At this point, we can tell the mail system to start filing our ** SPAM **-tagged mail.

Activate the .procmailrc Configuration

To do this, simply create/edit another file (in your top-level home directory) called .forward (again, remember the dot)

In .forward, place the following text:

"| /usr/local/scripts/spamc |exec /usr/local/bin/procmail"

(Include the " " marks in the above line.)

And save the file. Make sure the permissions are correct on the file. If you're not sure, just set the permissions at a unix prompt with:

chmod 600 .forward

That should do it. **SPAM**-tagged mail should start to show up in the new mail folder.

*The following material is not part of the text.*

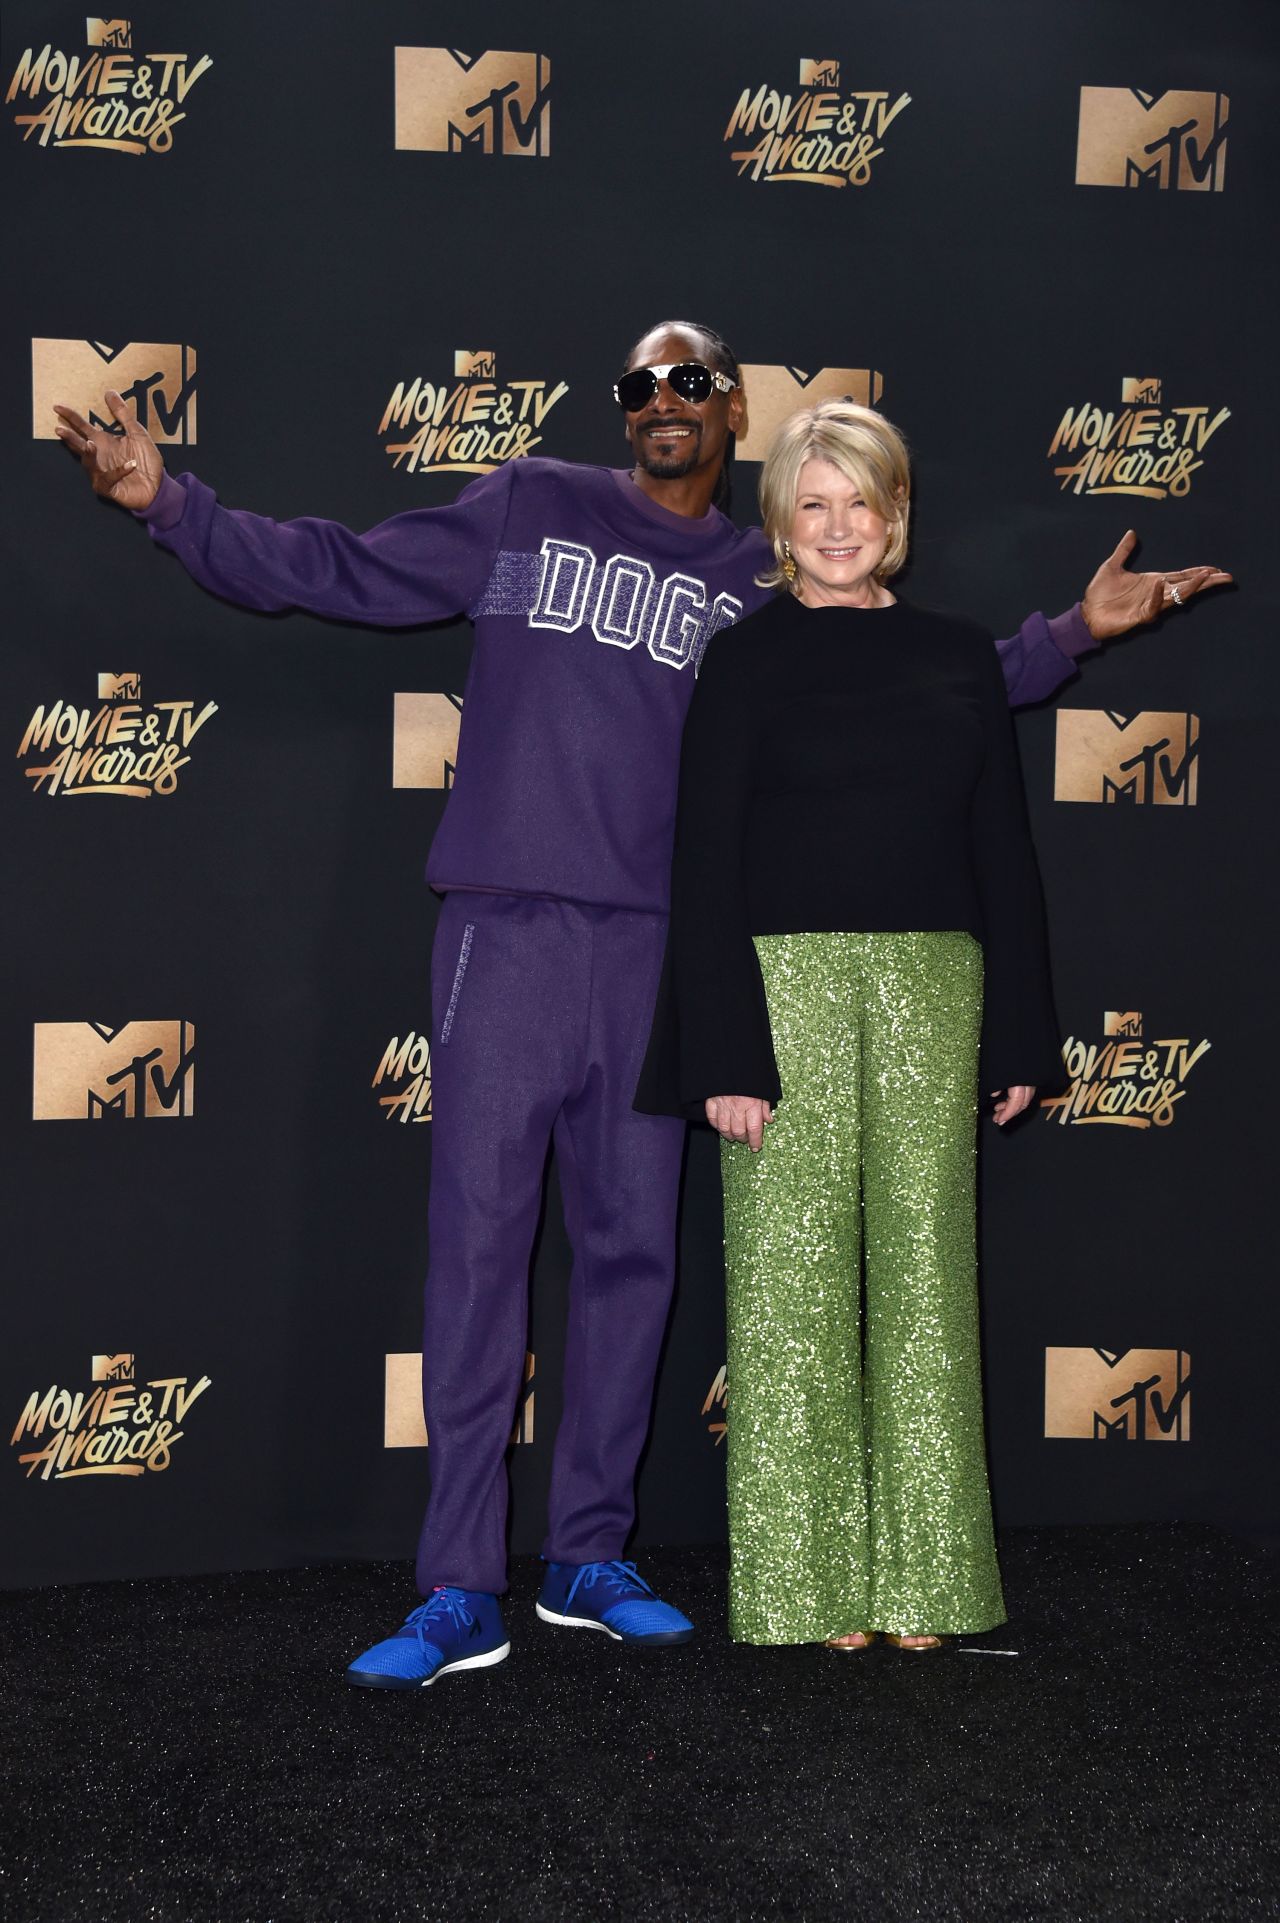 Snoop Dogg and Martha Stewart co-hosted a VH1 show from 2016 to 2018.

Now, the most important step here is to wait a bit and see if **SPAM**-tagged mail continues to show up in your inbox. If you haven't seen any of it in bit, then go to your new spam folder. (It may depend on your mail program how you find that mail folder to view.) Do you see the SPAM-tagged messages there? If so, it's working. If not, contact support@cs.jhu.edu, and we'll try to figure out why it isn't working for you.

VERY IMPORTANT: When should you check your spam folder? Often. Why? Two reasons. 1) There could be some false positives in your folder, mail tagged as SPAM because it looked like spam, but may actually not be spam. Example? You might be subscribed to a mailing list, and the list sends you mail that looks like spam. 2) You need to go through *regularly* and clear out (delete/remove) your spam folder of spam messages to conserve room on our home directory server disks. Some of the **SPAM**-tagged mail could be very big, especially if it contains attachments. This could fill up our disks rapidly. Please make sure you monitor your spam folder and keep it clean regularly.